The Fortune news outlet, rated as center on the political spectrum, covered the Liberty Street Economics findings by noting that despite Trump insisting foreign businesses are paying for his tariffs, mounting data indicates American households and businesses are footing the bill. Germany's Kiel Institute for the World Economy has also published research supporting the view that tariff costs are largely absorbed by U.S. importers and consumers.

What the Right Is Saying

Conservative commentators have challenged the narrative that Americans are paying for tariffs. Breitbart, rated as right-leaning, called the findings that Americans pay over 90% of tariffs 'a myth.'

Citing the same Kiel Institute study used by some analysts, Breitbart argued that claims to have settled the tariff debate with unambiguous evidence are problematic. The outlet noted that the study doesn't actually prove what it claims and provides zero empirical analysis of retail prices, corporate profit margins, or pass-through along the supply chain.

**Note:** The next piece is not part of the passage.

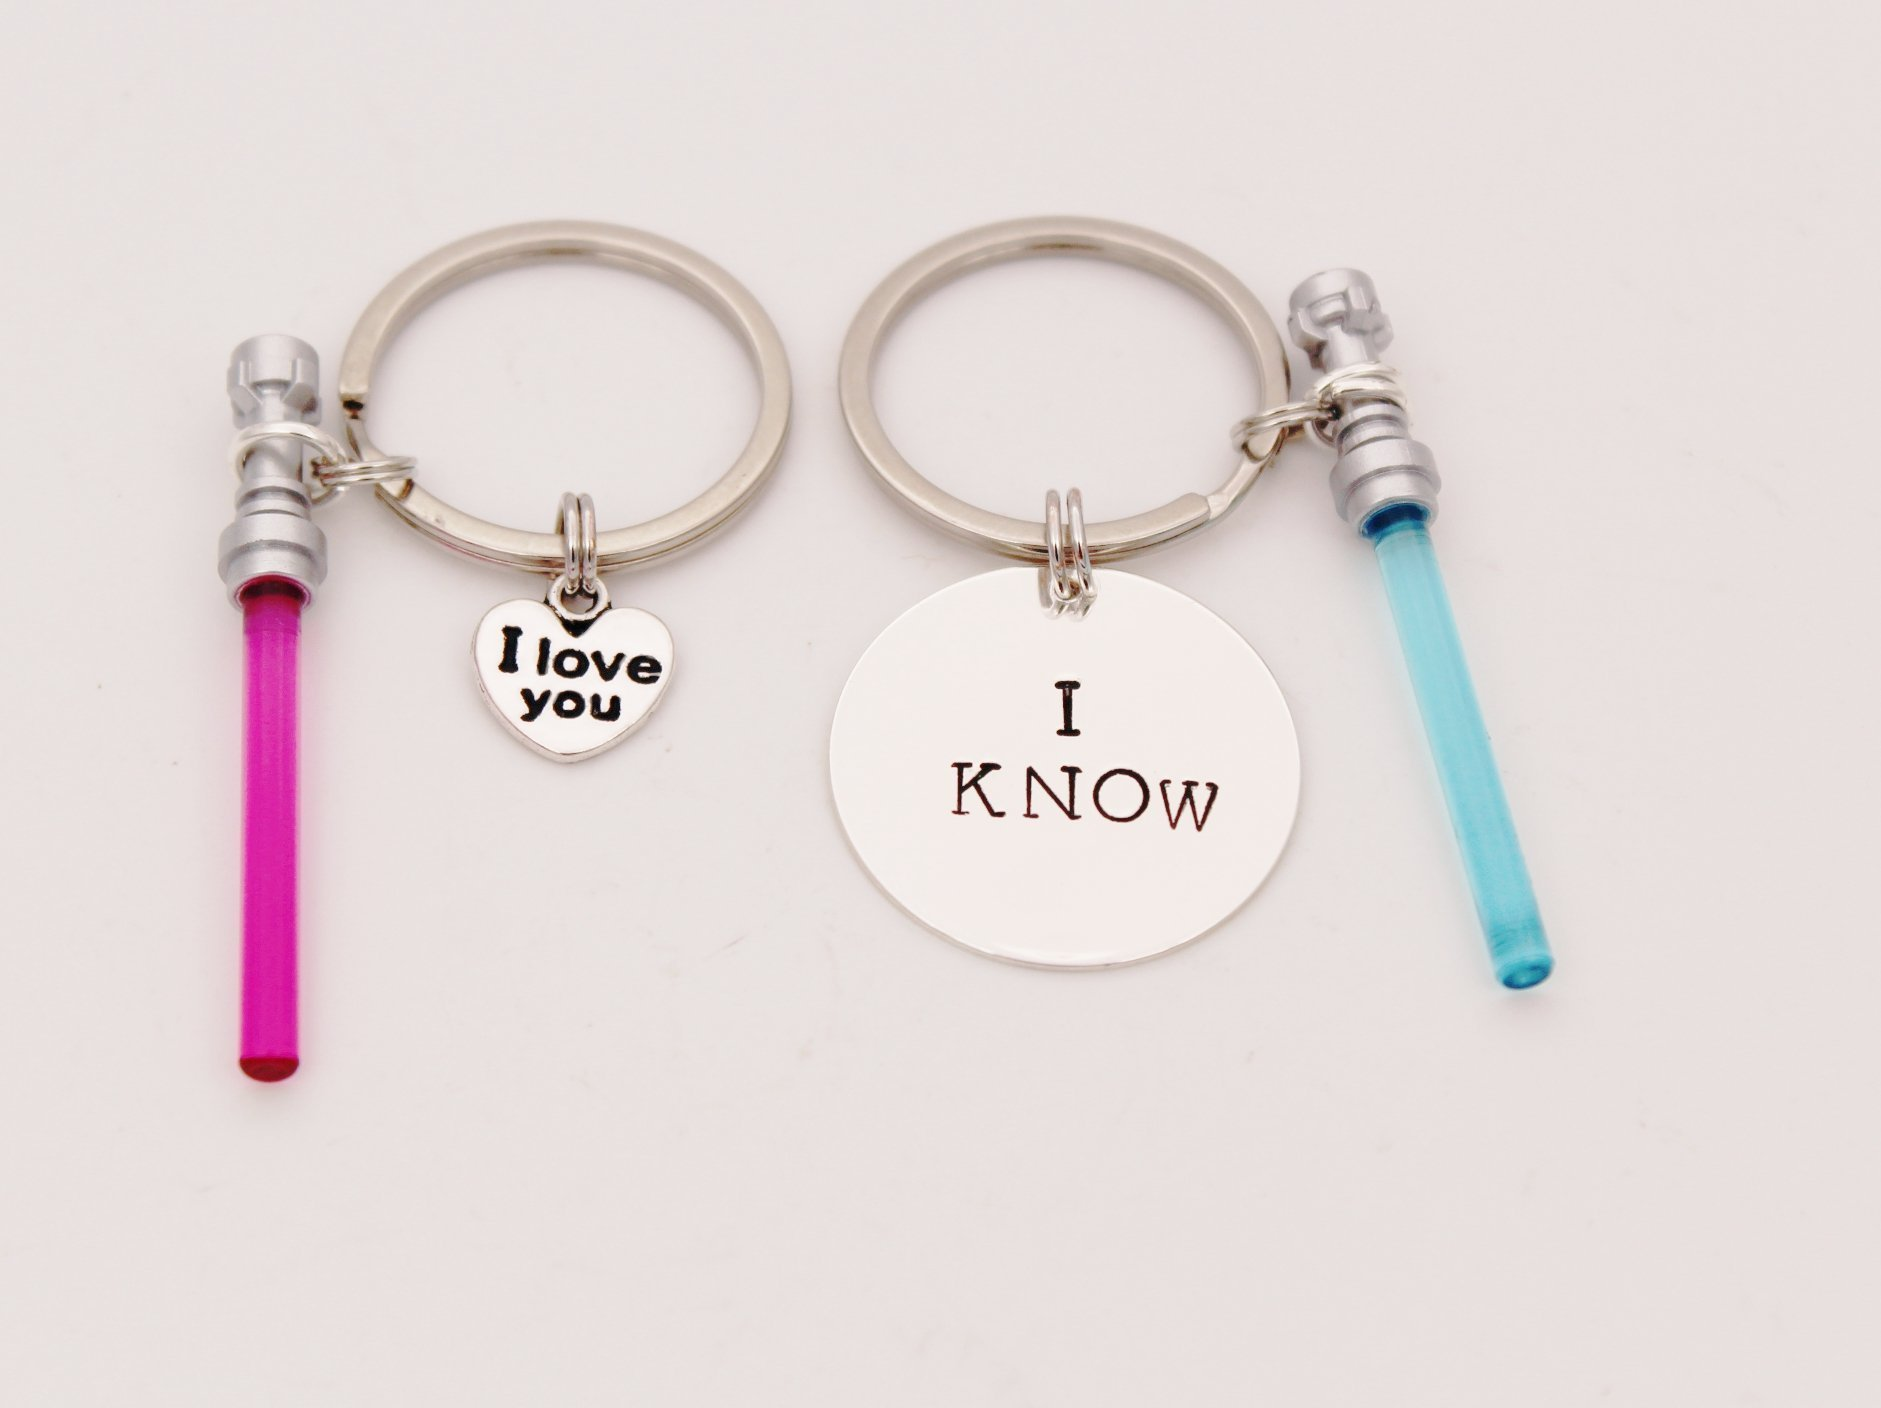 Star Wars Keychain, I LOVE YOU - I KNOW, Light saber Keychain

Trump administration officials have maintained that foreign exporters are absorbing much of the cost through reduced profit margins, arguing that tariffs serve as a negotiating tool to open foreign markets and encourage domestic manufacturing. Supporters contend the long-term benefits include reshoring jobs and reducing trade deficits, even if short-term costs fall on importers.

What the Numbers Show

The Penn Wharton Budget Model data shows effective tariff rates rose from 2.2% in January 2025 to approximately 13% by December 2025, a nearly six-fold increase. Specific tariff rates included reciprocal tariffs ranging from 10% to 41%, a 33.4% duty on Chinese goods, and steel and aluminum tariffs exceeding 39%.

The Liberty Street Economics analysis suggests approximately 90% of tariff costs fall on U.S. firms and consumers, with minimal evidence that foreign manufacturers are absorbing significant costs through reduced pricing. However, a separate 2025 paper from the National Bureau of Economic Research estimates that about 20% of Trump's tariffs ultimately reached U.S. consumers through higher prices, with the remainder absorbed by other parts of the supply chain.

USMCA partners Mexico and Canada secured exemptions that kept their effective tariff rates below 5%, in part through claimed compliance with trade agreement provisions. Trade data from the first year of the tariff regime will provide additional clarity as more complete figures become available.

The Bottom Line

One year into Trump's tariff strategy, the economic evidence suggests most tariff costs are being absorbed by U.S. businesses and consumers rather than foreign exporters, though estimates vary significantly depending on methodology. The National Bureau of Economic Research puts consumer-facing costs at roughly 20%, while the Federal Reserve Bank of New York's analysis suggests a much higher burden on domestic firms and households.

The debate over who pays for tariffs is likely to continue as more data becomes available. Businesses face higher input costs, consumers see some price increases on affected goods, and the ultimate impact on employment and manufacturing remains to be fully assessed. Analysts will watch upcoming trade data, inflation reports, and corporate earnings statements for further evidence of the tariff regime's effects on the broader economy.

The administration has indicated it will continue using tariffs as a negotiating tool, while critics argue the policy amounts to a hidden tax on American consumers. Both sides agree that tariff revenue has increased substantially, with the question of distribution remaining a point of political and economic contention.